HoldForDearLife Posted Saturday at 08:15 PM Posted Saturday at 08:15 PM 15 hours ago, SafetyinNumbers said: What’s the build up of the 10% (say 13.3% pre-tax ROE)? Given the coupon on the fixed income portfolio is 5%, it gets us to about a 10% pre-tax ROE. Assuming underwriting covered head office and leverage expenses, the equity portfolio would have to return 3.3% to meet the hurdle. That seems like a low bar given the state of fair value over carrying value and the high earnings yield of equity accounted for and consolidated positions. Tney also have the call options on Allied World and Odyssey minority interests which are very accretive. That's underwriting a 95% CR, no?

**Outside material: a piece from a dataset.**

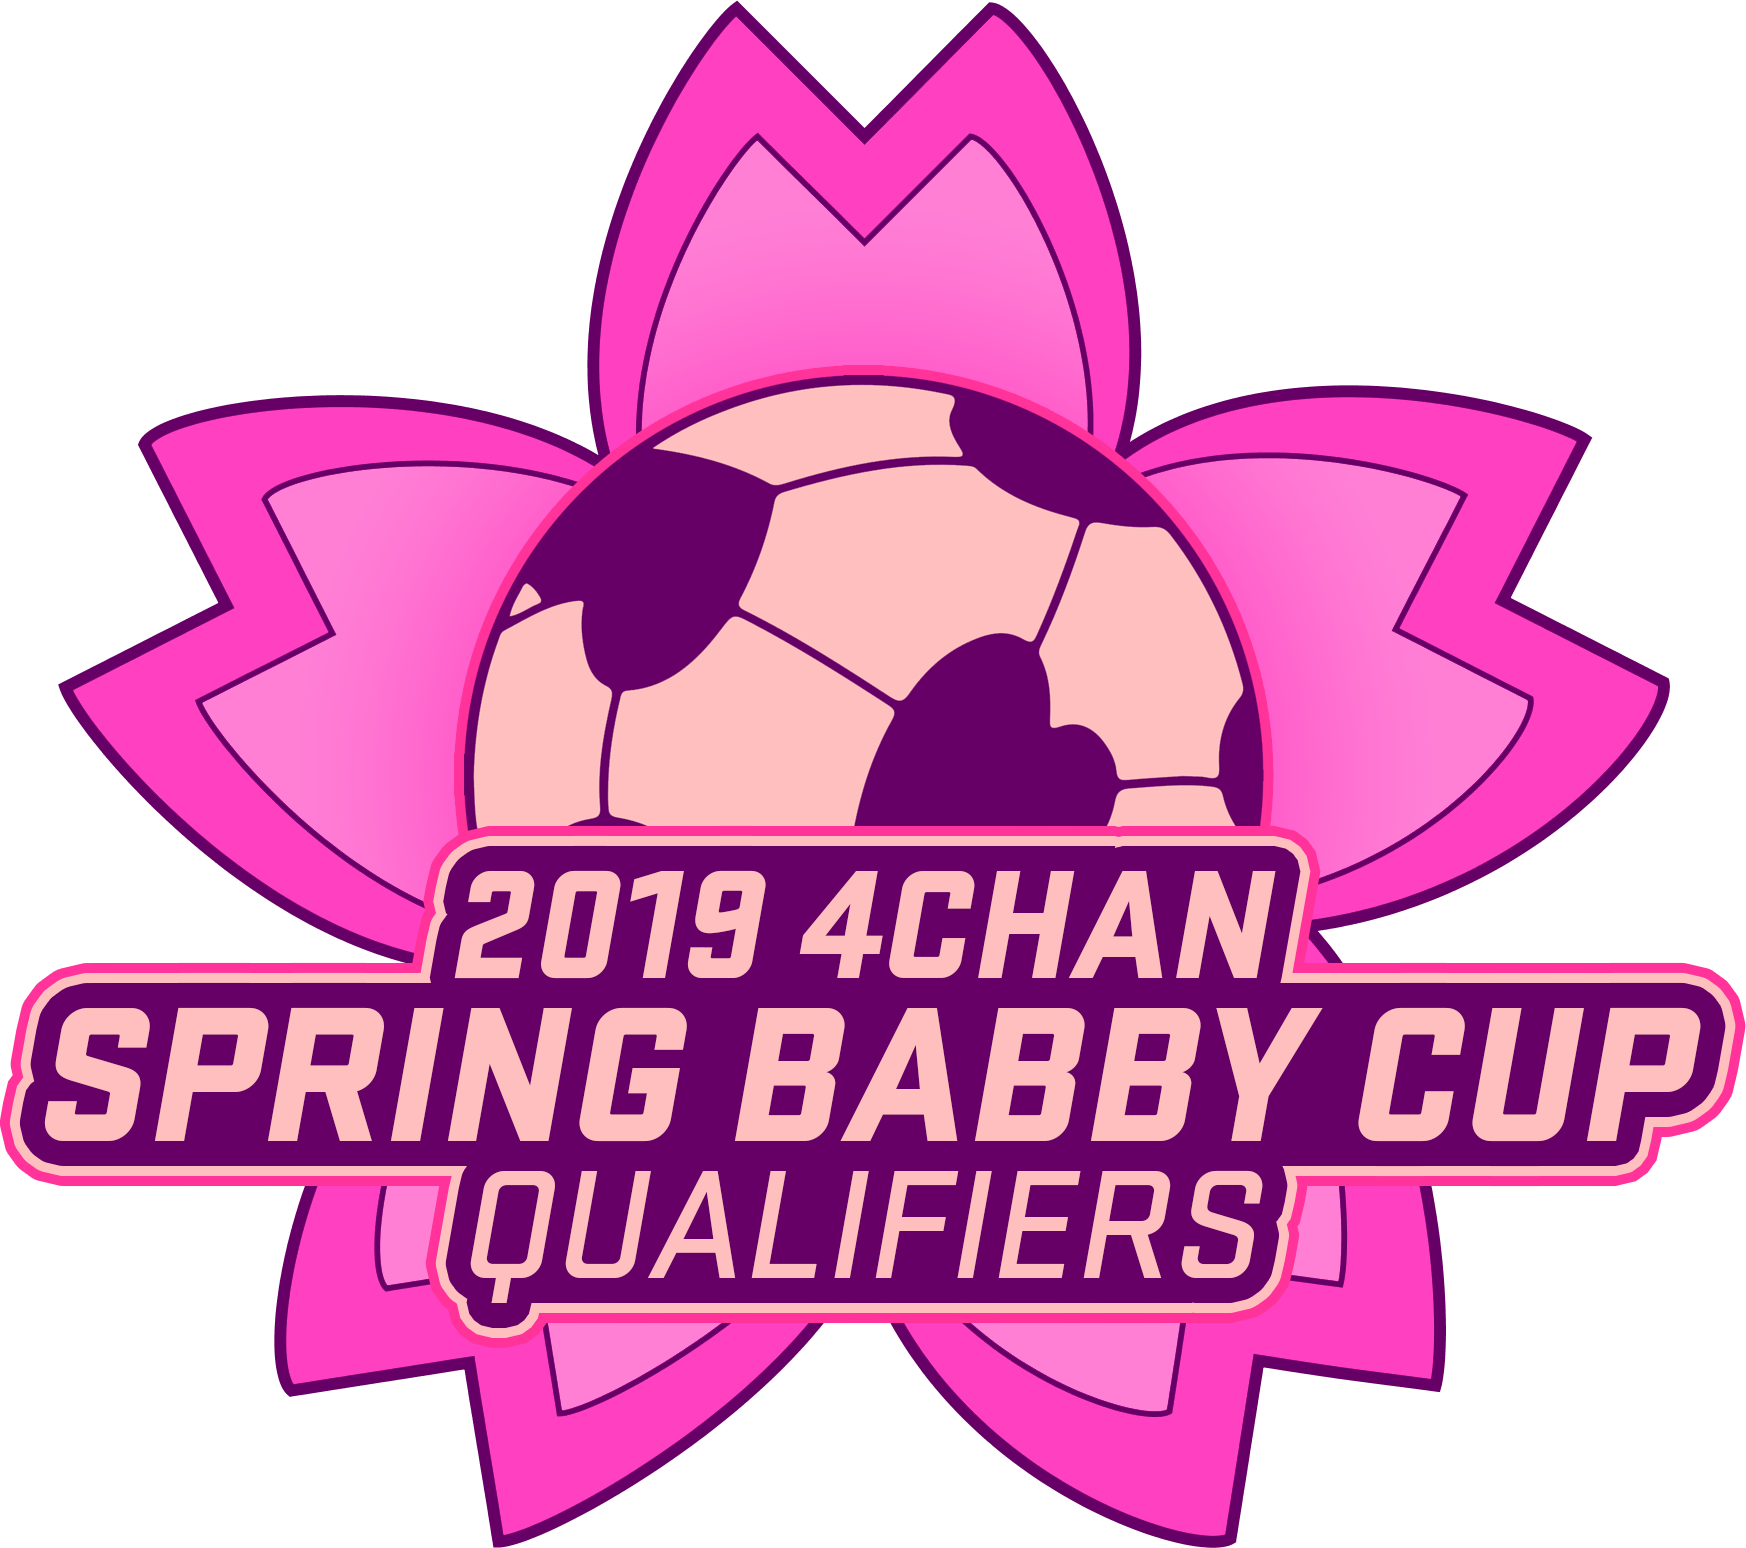 2019 4chan Spring Babby Cup Qualifiers

Not egregious, but that's not exactly a "nothing" assumption either in a softening market. If you were to underwrite at a 100% CR instead, you'd need the return on the equity portfolio to be around 8.0 % to offset the drop in underwriting income. That said, one of the many reasons I like Fairfax is that you're in no way dependent on terrific underwriting for the investment to make sense. If we go five years at a low 100s combined ratio, we're probably going to remain profitable and suffer less than competitors. We have the cash to survive a bad year with catastrophes. Compared to many other insurers with combined ratios in the low 80s, I do very much prefer "our expectations" over them.
Hamburg Investor Posted Saturday at 09:04 PM Posted Saturday at 09:04 PM 22 hours ago, Spekulatius said: Yes, but where does the money come from to average down in the Great Depression? 5 hours ago, Spekulatius said: Dividend yield of the SPY ~1%. The dividends won’t bail you out any more. I was just referring to the past. Yes, averaging down is harder today; on the other hand buybacks were around Zero in the 1930s if I am right. And today it’s at 2.2%. And buybacks are not so different from averaging down - you’re getting a bigger part of the whole (and it’s even more tax efficient for A lot of investors than divs). So together that’s more like 3.2%. That can easily grow to 4% or more in a crash scenario. Not great, but if you find good businesses at reasonable prices (I‘d happily buy FFH 20% off from Fridays close… ) not bad either. If one is a longterm holder of stocks and doesn’t have to sell for 5 to 10 years, a normal bear market will not end in a disaster imho. Time and Buybacks (and a little bit of divs) will help to head even stronger into the next bull market. If you have to sell bigger parts of your portfolio within 5 years - that’s not so good.
djokovic1 Posted Saturday at 09:17 PM Posted Saturday at 09:17 PM 7 hours ago, SafetyinNumbers said: Mr. Market Structure doesn’t care about returns, he cares about revenue growth. Then investors who do care about returns but think the market is efficient use analogs to predict forward returns. Of course, they could be right, but the odds seem really low which is especially true when the timeline is extended. My point is different. Its that regardless of what multiple the market assigns Fairfax in the short term, investors will get 15%+ compounding of EPS in both hard and soft markets (with bumps both up and down along the way). If one understands that, then it also follows that Fairfax is a no-brainer investment at 8x EPS today. Separately, I do also think the multiple is much more likely to go up than down given the starting point today and as the evidence of compounding keeps stacking up. Long term weighing machine, short term voting machine etc...You just don't know when.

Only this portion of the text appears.